What to do => With no addition or omission, return the entries below.

Records provided =>
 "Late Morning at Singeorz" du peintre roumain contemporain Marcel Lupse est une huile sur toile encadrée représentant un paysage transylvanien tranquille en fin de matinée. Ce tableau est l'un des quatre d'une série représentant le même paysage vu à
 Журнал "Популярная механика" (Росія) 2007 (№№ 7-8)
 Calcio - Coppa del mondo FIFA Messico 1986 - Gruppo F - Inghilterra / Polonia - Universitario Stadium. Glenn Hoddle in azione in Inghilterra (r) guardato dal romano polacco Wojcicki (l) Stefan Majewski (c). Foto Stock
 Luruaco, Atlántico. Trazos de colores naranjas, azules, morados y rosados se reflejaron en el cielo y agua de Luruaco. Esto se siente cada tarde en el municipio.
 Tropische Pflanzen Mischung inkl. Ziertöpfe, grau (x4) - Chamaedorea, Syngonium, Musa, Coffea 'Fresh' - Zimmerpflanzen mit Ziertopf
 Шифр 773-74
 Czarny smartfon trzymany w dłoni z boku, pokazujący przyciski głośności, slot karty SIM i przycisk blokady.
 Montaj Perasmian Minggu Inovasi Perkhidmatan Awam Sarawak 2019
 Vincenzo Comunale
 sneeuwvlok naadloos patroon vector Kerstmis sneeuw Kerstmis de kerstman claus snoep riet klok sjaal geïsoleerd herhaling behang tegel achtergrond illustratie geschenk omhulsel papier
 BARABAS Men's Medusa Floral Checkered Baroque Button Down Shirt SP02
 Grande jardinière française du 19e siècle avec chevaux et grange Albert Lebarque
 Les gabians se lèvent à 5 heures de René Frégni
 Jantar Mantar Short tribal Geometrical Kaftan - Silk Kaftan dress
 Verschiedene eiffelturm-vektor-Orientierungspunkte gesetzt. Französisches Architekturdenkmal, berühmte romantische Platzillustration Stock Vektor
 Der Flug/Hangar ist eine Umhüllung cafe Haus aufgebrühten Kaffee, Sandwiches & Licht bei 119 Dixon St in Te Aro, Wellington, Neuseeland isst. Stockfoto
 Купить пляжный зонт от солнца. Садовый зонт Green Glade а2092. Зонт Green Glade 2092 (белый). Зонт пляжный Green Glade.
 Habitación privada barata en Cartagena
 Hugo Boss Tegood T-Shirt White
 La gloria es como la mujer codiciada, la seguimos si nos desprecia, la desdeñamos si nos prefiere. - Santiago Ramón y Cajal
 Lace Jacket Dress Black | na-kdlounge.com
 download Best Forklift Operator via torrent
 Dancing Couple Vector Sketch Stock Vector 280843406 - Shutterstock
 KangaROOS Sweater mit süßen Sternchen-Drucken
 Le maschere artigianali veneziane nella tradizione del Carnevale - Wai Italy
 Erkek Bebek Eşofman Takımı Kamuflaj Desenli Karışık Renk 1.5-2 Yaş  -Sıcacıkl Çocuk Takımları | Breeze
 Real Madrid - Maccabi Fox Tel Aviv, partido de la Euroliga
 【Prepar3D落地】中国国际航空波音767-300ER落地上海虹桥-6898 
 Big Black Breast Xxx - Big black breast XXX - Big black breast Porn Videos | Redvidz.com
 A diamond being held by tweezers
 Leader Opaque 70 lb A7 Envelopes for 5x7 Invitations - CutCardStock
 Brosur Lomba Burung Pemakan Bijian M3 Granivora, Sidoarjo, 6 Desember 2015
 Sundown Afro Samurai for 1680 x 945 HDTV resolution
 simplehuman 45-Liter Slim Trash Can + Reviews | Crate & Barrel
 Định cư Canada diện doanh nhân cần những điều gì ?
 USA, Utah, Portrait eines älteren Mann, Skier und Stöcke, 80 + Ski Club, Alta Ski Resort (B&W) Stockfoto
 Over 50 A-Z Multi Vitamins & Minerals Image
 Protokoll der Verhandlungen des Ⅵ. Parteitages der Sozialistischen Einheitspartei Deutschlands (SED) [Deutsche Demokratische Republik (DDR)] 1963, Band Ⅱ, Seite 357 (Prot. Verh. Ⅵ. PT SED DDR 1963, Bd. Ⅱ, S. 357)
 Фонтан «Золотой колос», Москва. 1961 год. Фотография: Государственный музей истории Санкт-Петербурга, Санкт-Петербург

Problem solution =>
 "Late Morning at Singeorz" du peintre roumain contemporain Marcel Lupse est une huile sur toile encadrée représentant un paysage transylvanien tranquille en fin de matinée. Ce tableau est l'un des quatre d'une série représentant le même paysage vu à
 Журнал "Популярная механика" (Росія) 2007 (№№ 7-8)
 Calcio - Coppa del mondo FIFA Messico 1986 - Gruppo F - Inghilterra / Polonia - Universitario Stadium. Glenn Hoddle in azione in Inghilterra (r) guardato dal romano polacco Wojcicki (l) Stefan Majewski (c). Foto Stock
 Luruaco, Atlántico. Trazos de colores naranjas, azules, morados y rosados se reflejaron en el cielo y agua de Luruaco. Esto se siente cada tarde en el municipio.
 Tropische Pflanzen Mischung inkl. Ziertöpfe, grau (x4) - Chamaedorea, Syngonium, Musa, Coffea 'Fresh' - Zimmerpflanzen mit Ziertopf
 Шифр 773-74
 Czarny smartfon trzymany w dłoni z boku, pokazujący przyciski głośności, slot karty SIM i przycisk blokady.
 Montaj Perasmian Minggu Inovasi Perkhidmatan Awam Sarawak 2019
 Vincenzo Comunale
 sneeuwvlok naadloos patroon vector Kerstmis sneeuw Kerstmis de kerstman claus snoep riet klok sjaal geïsoleerd herhaling behang tegel achtergrond illustratie geschenk omhulsel papier
 BARABAS Men's Medusa Floral Checkered Baroque Button Down Shirt SP02
 Grande jardinière française du 19e siècle avec chevaux et grange Albert Lebarque
 Les gabians se lèvent à 5 heures de René Frégni
 Jantar Mantar Short tribal Geometrical Kaftan - Silk Kaftan dress
 Verschiedene eiffelturm-vektor-Orientierungspunkte gesetzt. Französisches Architekturdenkmal, berühmte romantische Platzillustration Stock Vektor
 Der Flug/Hangar ist eine Umhüllung cafe Haus aufgebrühten Kaffee, Sandwiches & Licht bei 119 Dixon St in Te Aro, Wellington, Neuseeland isst. Stockfoto
 Купить пляжный зонт от солнца. Садовый зонт Green Glade а2092. Зонт Green Glade 2092 (белый). Зонт пляжный Green Glade.
 Habitación privada barata en Cartagena
 Hugo Boss Tegood T-Shirt White
 La gloria es como la mujer codiciada, la seguimos si nos desprecia, la desdeñamos si nos prefiere. - Santiago Ramón y Cajal
 Lace Jacket Dress Black | na-kdlounge.com
 download Best Forklift Operator via torrent
 Dancing Couple Vector Sketch Stock Vector 280843406 - Shutterstock
 KangaROOS Sweater mit süßen Sternchen-Drucken
 Le maschere artigianali veneziane nella tradizione del Carnevale - Wai Italy
 Erkek Bebek Eşofman Takımı Kamuflaj Desenli Karışık Renk 1.5-2 Yaş  -Sıcacıkl Çocuk Takımları | Breeze
 Real Madrid - Maccabi Fox Tel Aviv, partido de la Euroliga
 【Prepar3D落地】中国国际航空波音767-300ER落地上海虹桥-6898 
 Big Black Breast Xxx - Big black breast XXX - Big black breast Porn Videos | Redvidz.com
 A diamond being held by tweezers
 Leader Opaque 70 lb A7 Envelopes for 5x7 Invitations - CutCardStock
 Brosur Lomba Burung Pemakan Bijian M3 Granivora, Sidoarjo, 6 Desember 2015
 Sundown Afro Samurai for 1680 x 945 HDTV resolution
 simplehuman 45-Liter Slim Trash Can + Reviews | Crate & Barrel
 Định cư Canada diện doanh nhân cần những điều gì ?
 USA, Utah, Portrait eines älteren Mann, Skier und Stöcke, 80 + Ski Club, Alta Ski Resort (B&W) Stockfoto
 Over 50 A-Z Multi Vitamins & Minerals Image
 Protokoll der Verhandlungen des Ⅵ. Parteitages der Sozialistischen Einheitspartei Deutschlands (SED) [Deutsche Demokratische Republik (DDR)] 1963, Band Ⅱ, Seite 357 (Prot. Verh. Ⅵ. PT SED DDR 1963, Bd. Ⅱ, S. 357)
 Фонтан «Золотой колос», Москва. 1961 год. Фотография: Государственный музей истории Санкт-Петербурга, Санкт-Петербург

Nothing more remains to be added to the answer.